The distance formula is expressed as \(d = \sqrt{(x_2 - x_1)^2 + (y_2 - y_1)^2}\). It’s a direct application of the Pythagorean theorem from a right triangle formed by horizontal and vertical lines connecting the two points. We calculate the changes (\(\text{also known as 'deltas'}\)) in x (horizontal) and y (vertical) coordinates, square each, sum them up, and finally extract the square root. Those straightforward steps lead us straight to the numerical 'treasure' - the distance between our two points.

Coordinate geometry, also known as analytic geometry, is the study of geometry using a coordinate system. This method combines algebra and geometry to describe the position of points, lines, and shapes. Think of it as a playground grid where each place has its unique point on the map, called coordinates, written as \( (x, y) \).

In our treasure hunt scenario, the points \( (1, 4) \) and \( (8, 4) \) represent definite spots on this grid. By employing coordinate geometry, we can analyze the spatial relationships between these points. When points share a common coordinate, like in our exercise, it indicates they lie along the same horizontal or vertical line - a helpful clue that simplifies our calculation of distance!

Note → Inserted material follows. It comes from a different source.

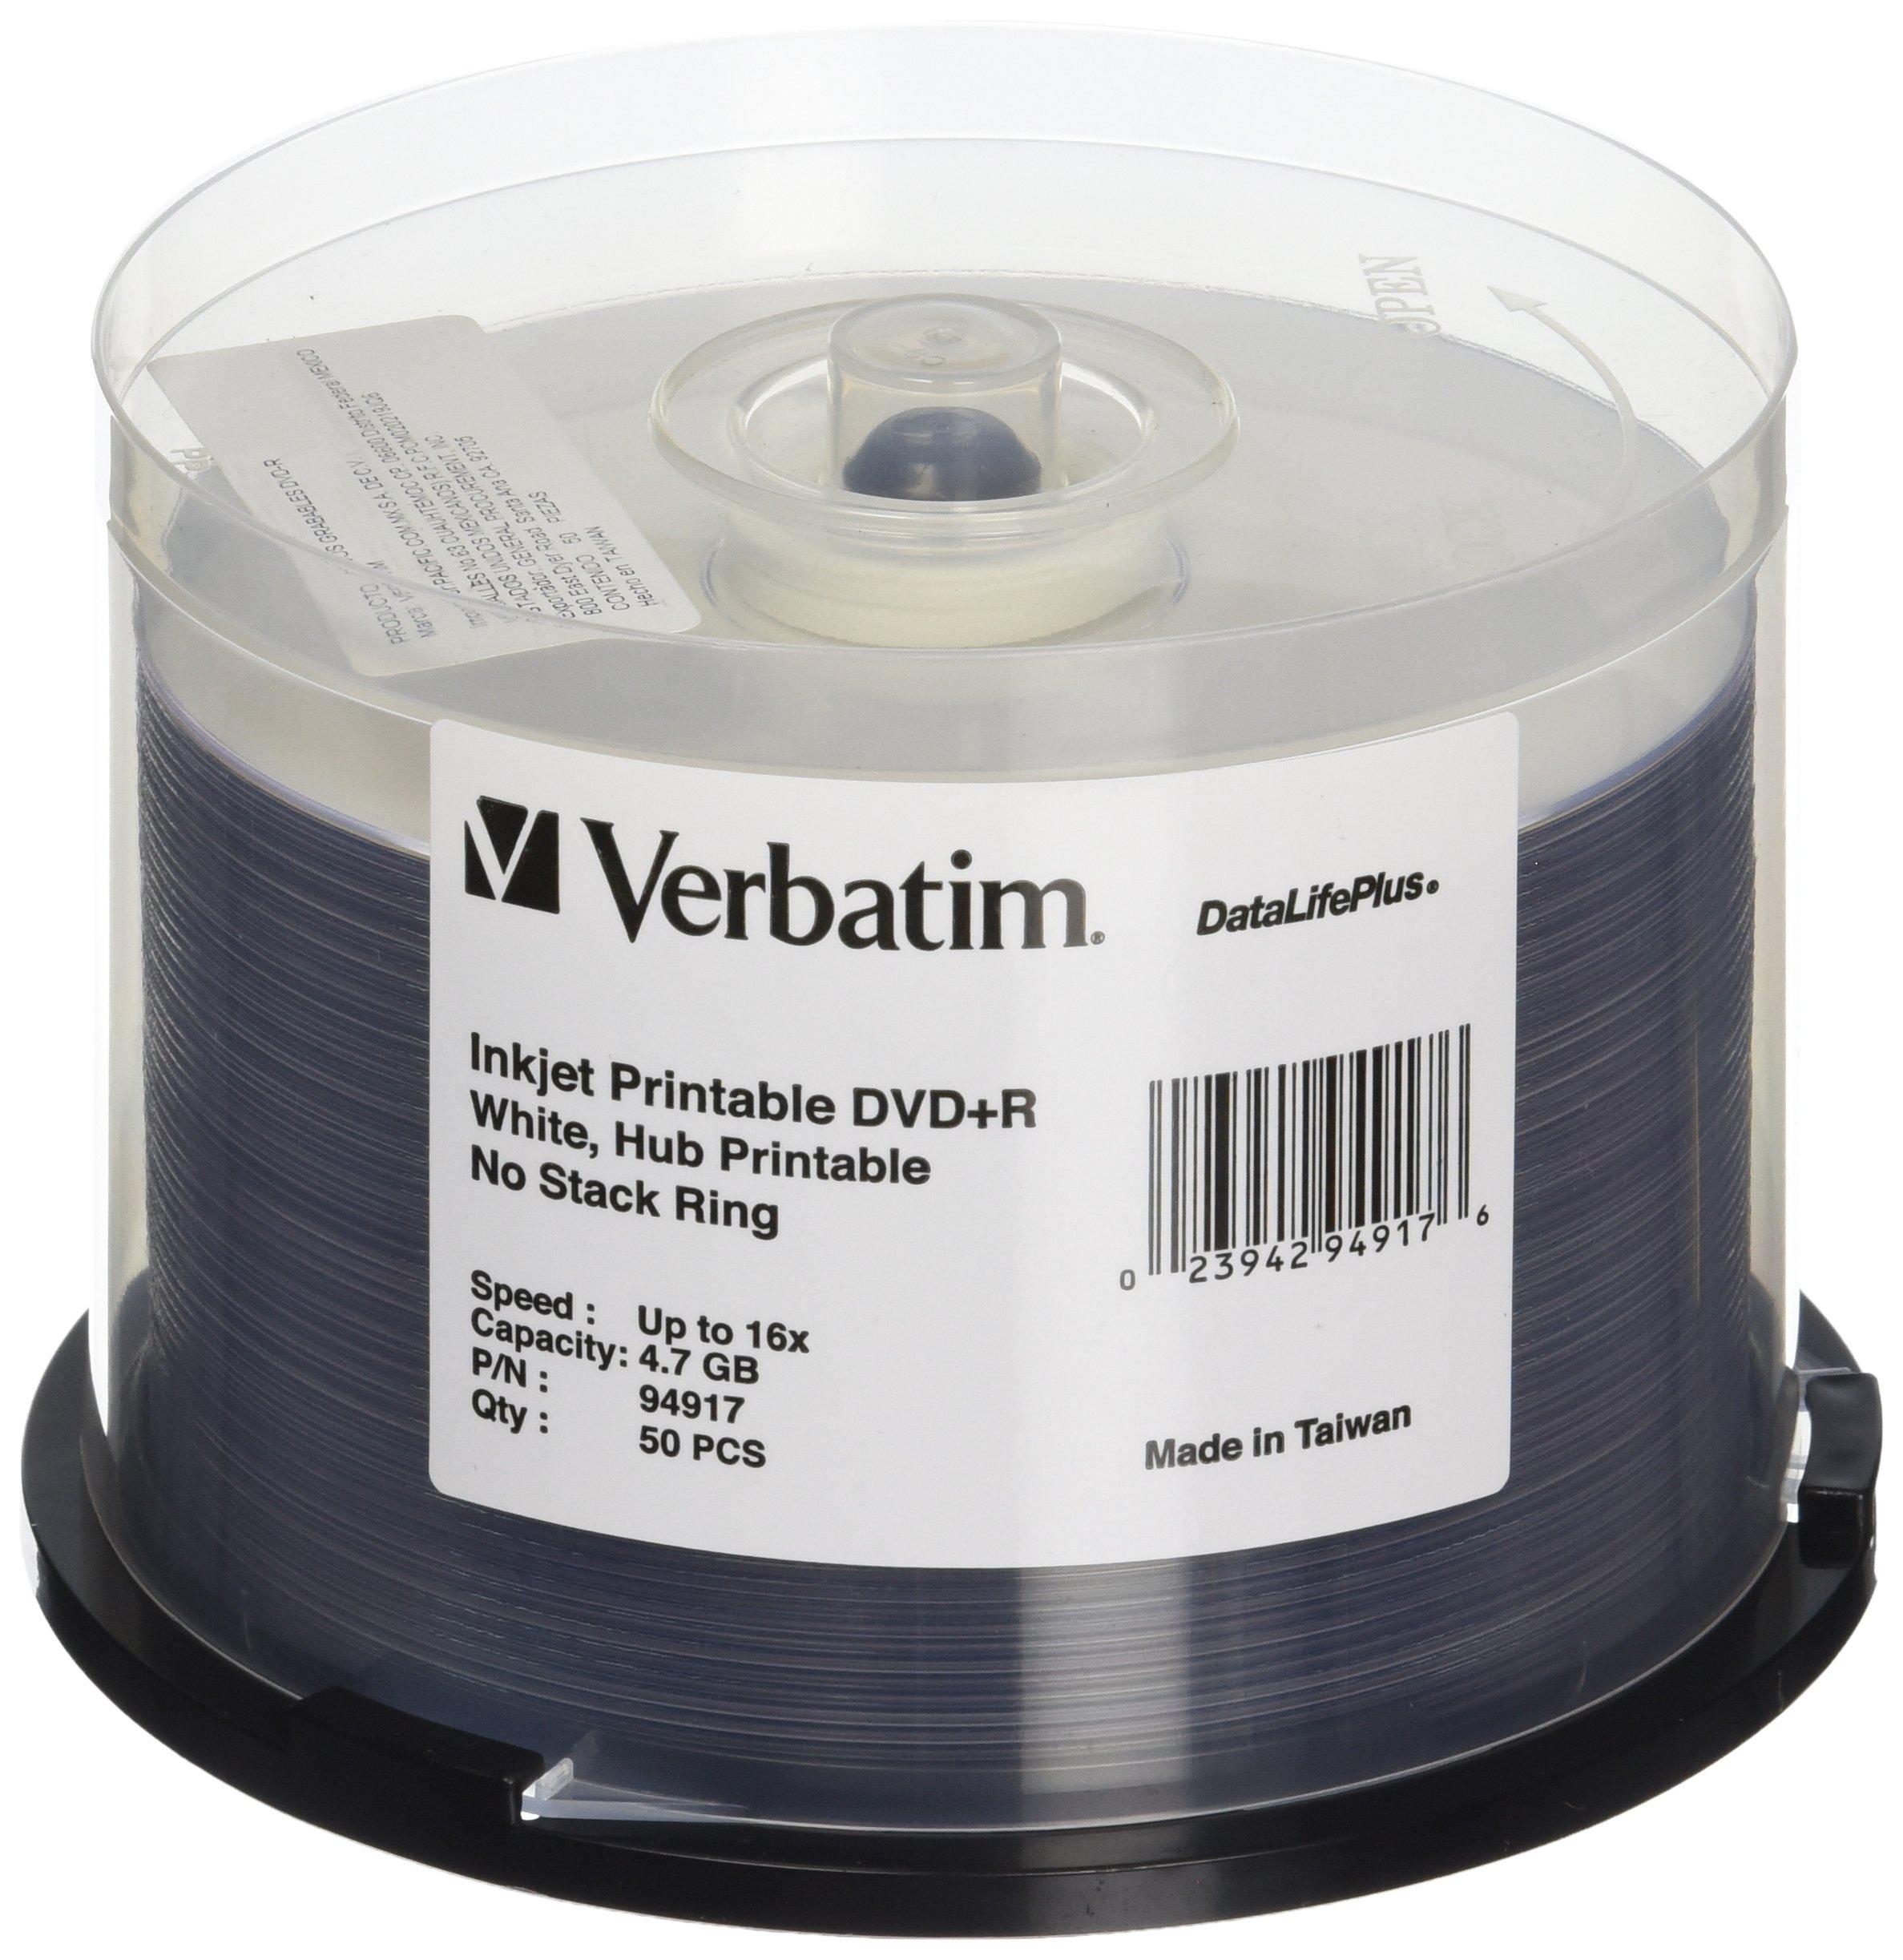 Verbatim DVD+R 4.7GB 16X DataLifePlus White Inkjet Printable, Hub Printable - 50pk Spindle - 94917 by Verbatim

Picture the square root as the 'undo' button for a squared number. Mathematically, it's represented by the symbol \(\sqrt{}\). When you square a number (multiply it by itself), the square root brings you back to the original number. In our exercise, we deal with the square root of 49, which breaks down into \(\sqrt{49} = 7\), since 7 multiplied by itself gives 49.

Why is the square root important in our distance treasure hunt? After we add the squares of our coordinate changes, we must find the original distance, not its square. That's where the square root comes into play, turning squared steps back into straight-line distance - and guiding us to the precise point of the treasure!